[[ GIVEN INFORMATION, beginning ]]

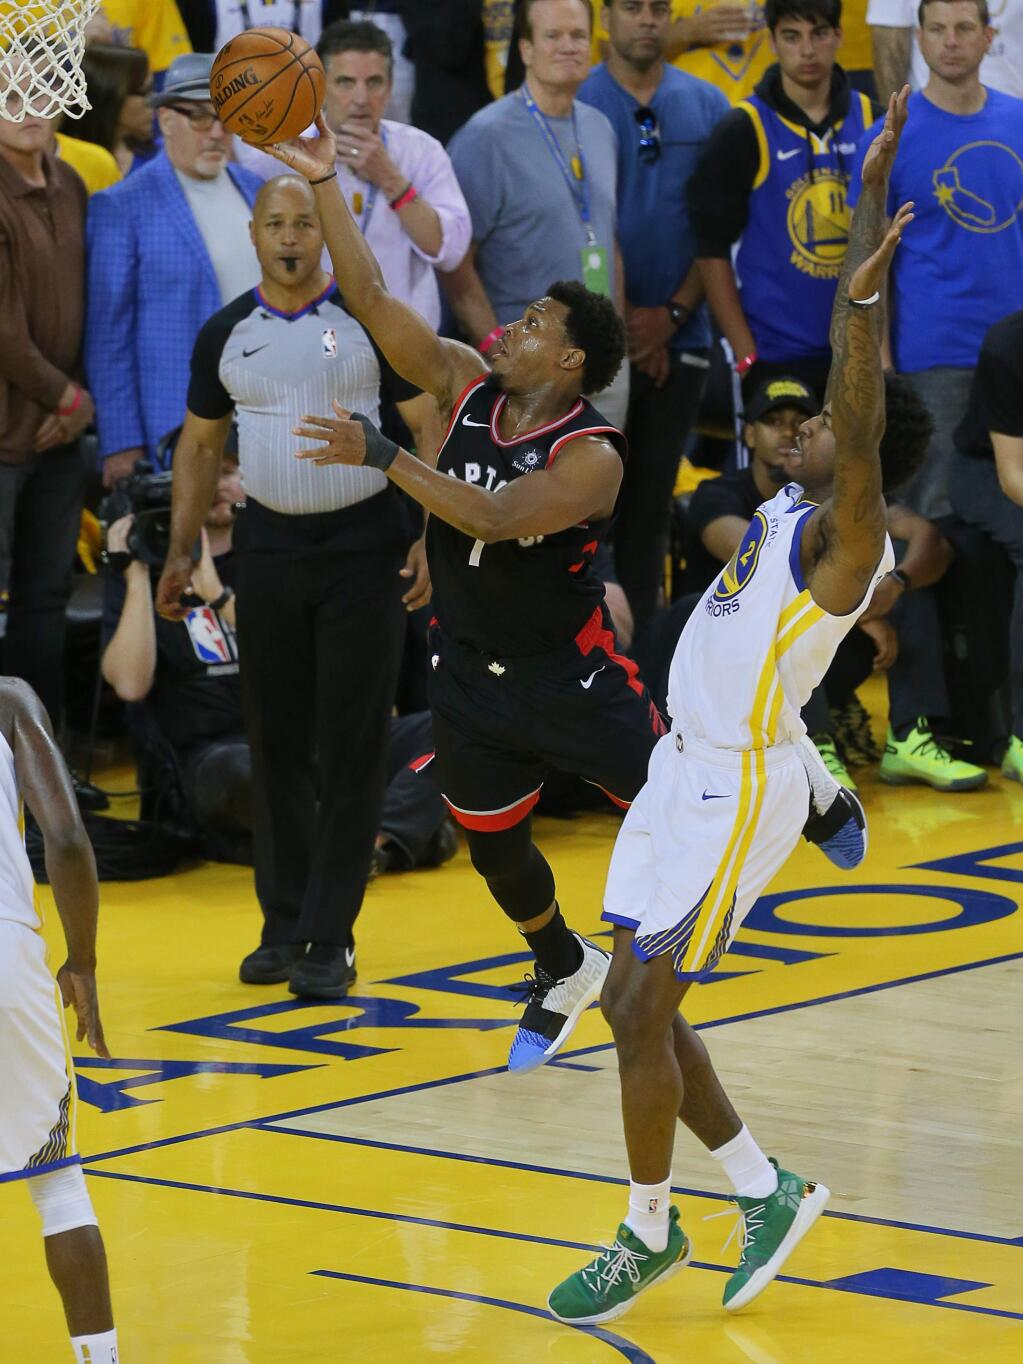 Toronto Raptors guard Kyle Lowry lays the ball in past Golden State Warriors forward Jordan Bell during game 3 of the NBA Finals in Oakland on Wednesday, June 5, 2019. (Christopher Chung/ The Press Democrat)
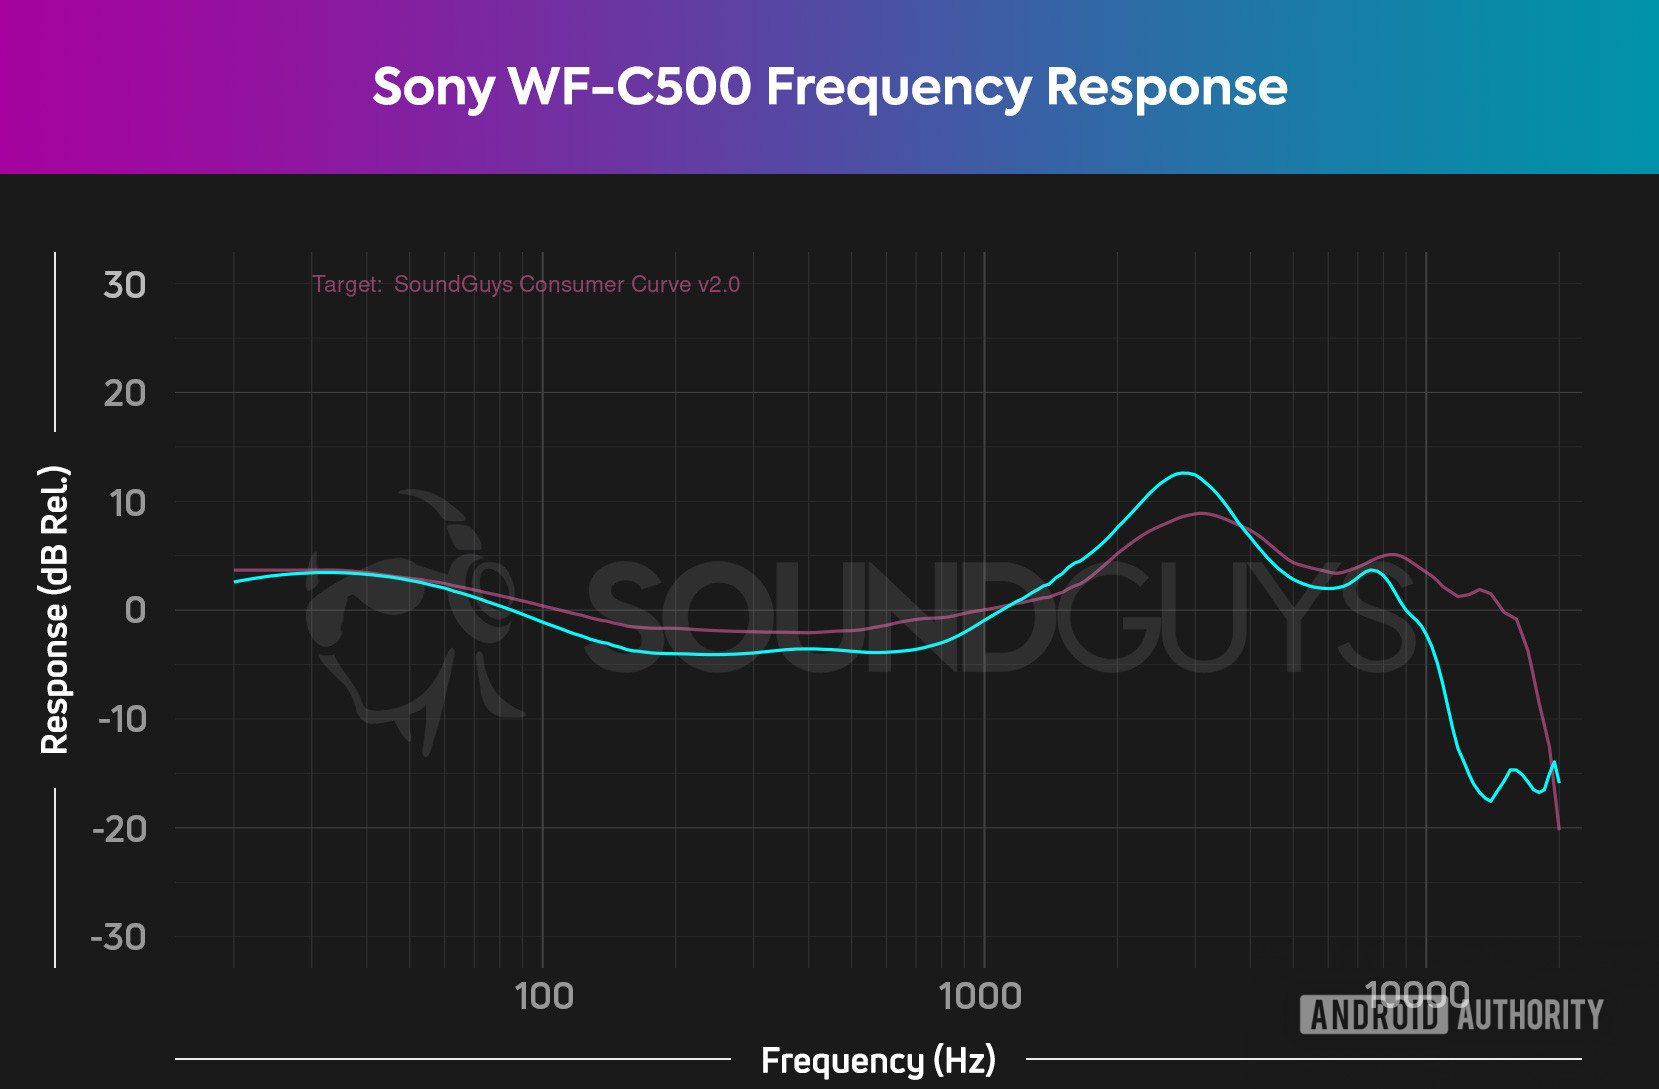 A chart depicts the Sony WF-C500 (cyan) frequency response relative to the SoundGuys Consumer Curve V2.0 (pink), revealing the Sony earbuds' generally pleasing sound with slightly amplified upper-midrange notes. The WF-C500 (cyan) generally follows our house curve (pink) very closely, though the treble rolls off close to 10kHz
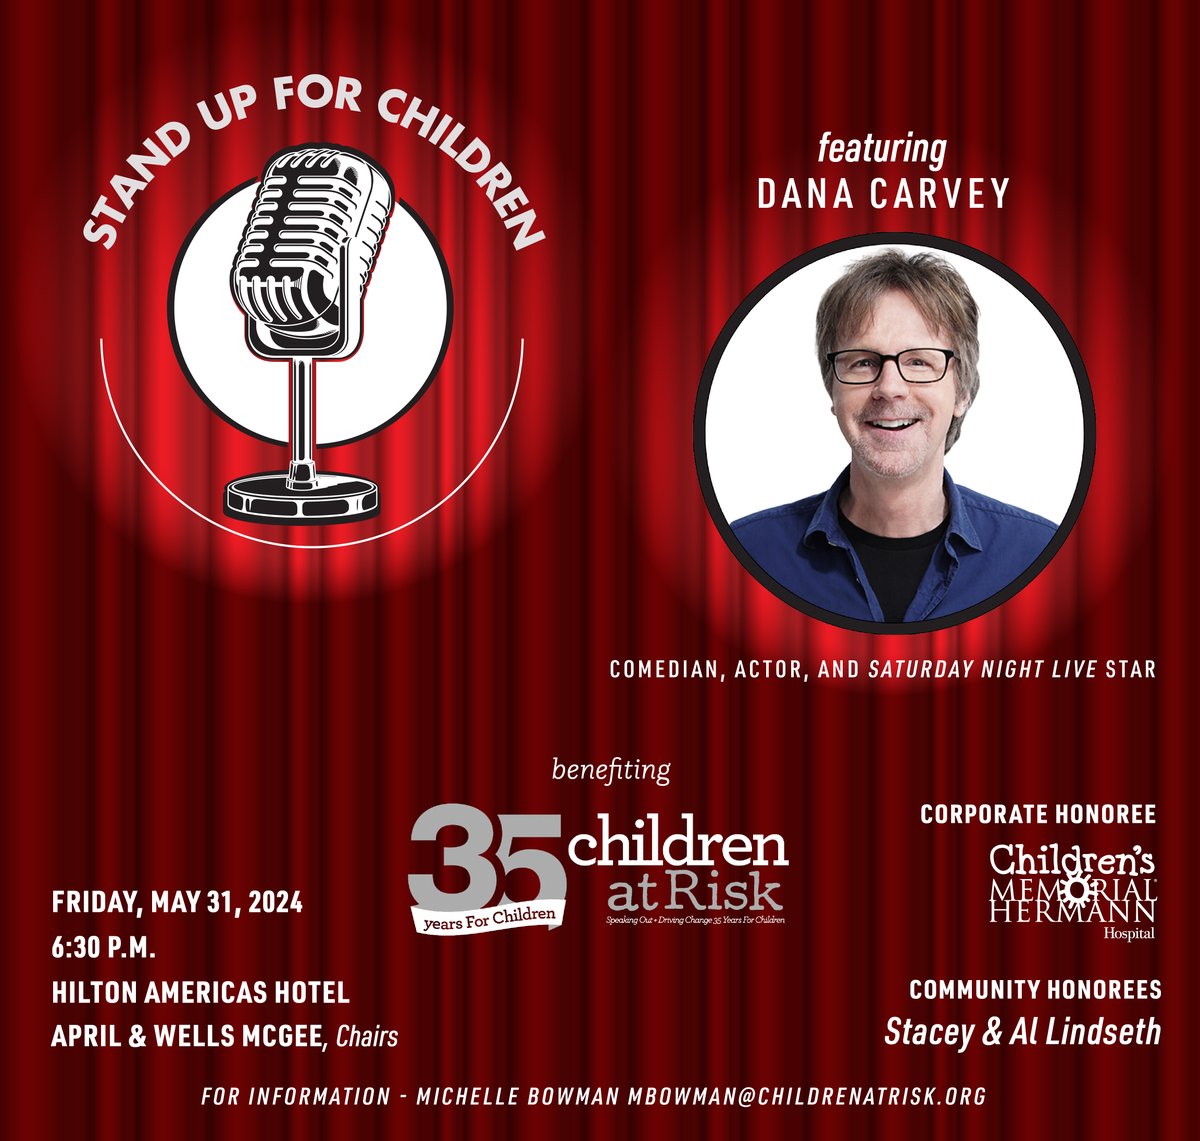 Throwback to unforgettable nights at Stand Up for Children Gala, filled with laughter & love! This year, comedy legend Dana Carvey joins our stellar lineup of past comedic giants. Ready for another amazing evening on May 31st? Let's laugh for a cause! ow.ly/x2S250QZay5

[[ GIVEN INFORMATION, end ]]

• **DESCRIPTION OF THE TASK**: All of the listing is to be written out exactly, with the pictures left out.

• **THE COMPLETED TASK**:
 Toronto Raptors guard Kyle Lowry lays the ball in past Golden State Warriors forward Jordan Bell during game 3 of the NBA Finals in Oakland on Wednesday, June 5, 2019. (Christopher Chung/ The Press Democrat)
 A chart depicts the Sony WF-C500 (cyan) frequency response relative to the SoundGuys Consumer Curve V2.0 (pink), revealing the Sony earbuds' generally pleasing sound with slightly amplified upper-midrange notes. The WF-C500 (cyan) generally follows our house curve (pink) very closely, though the treble rolls off close to 10kHz
 Throwback to unforgettable nights at Stand Up for Children Gala, filled with laughter & love! This year, comedy legend Dana Carvey joins our stellar lineup of past comedic giants. Ready for another amazing evening on May 31st? Let's laugh for a cause! ow.ly/x2S250QZay5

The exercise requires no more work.